#### Exercise prompt:
All of the data needs to be reproduced with no alterations.

#### Collected material:
'''

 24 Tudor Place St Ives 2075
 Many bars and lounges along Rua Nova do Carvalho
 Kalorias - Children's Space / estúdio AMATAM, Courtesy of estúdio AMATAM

'''

#### Reply to the task:
 24 Tudor Place St Ives 2075
 Many bars and lounges along Rua Nova do Carvalho
 Kalorias - Children's Space / estúdio AMATAM, Courtesy of estúdio AMATAM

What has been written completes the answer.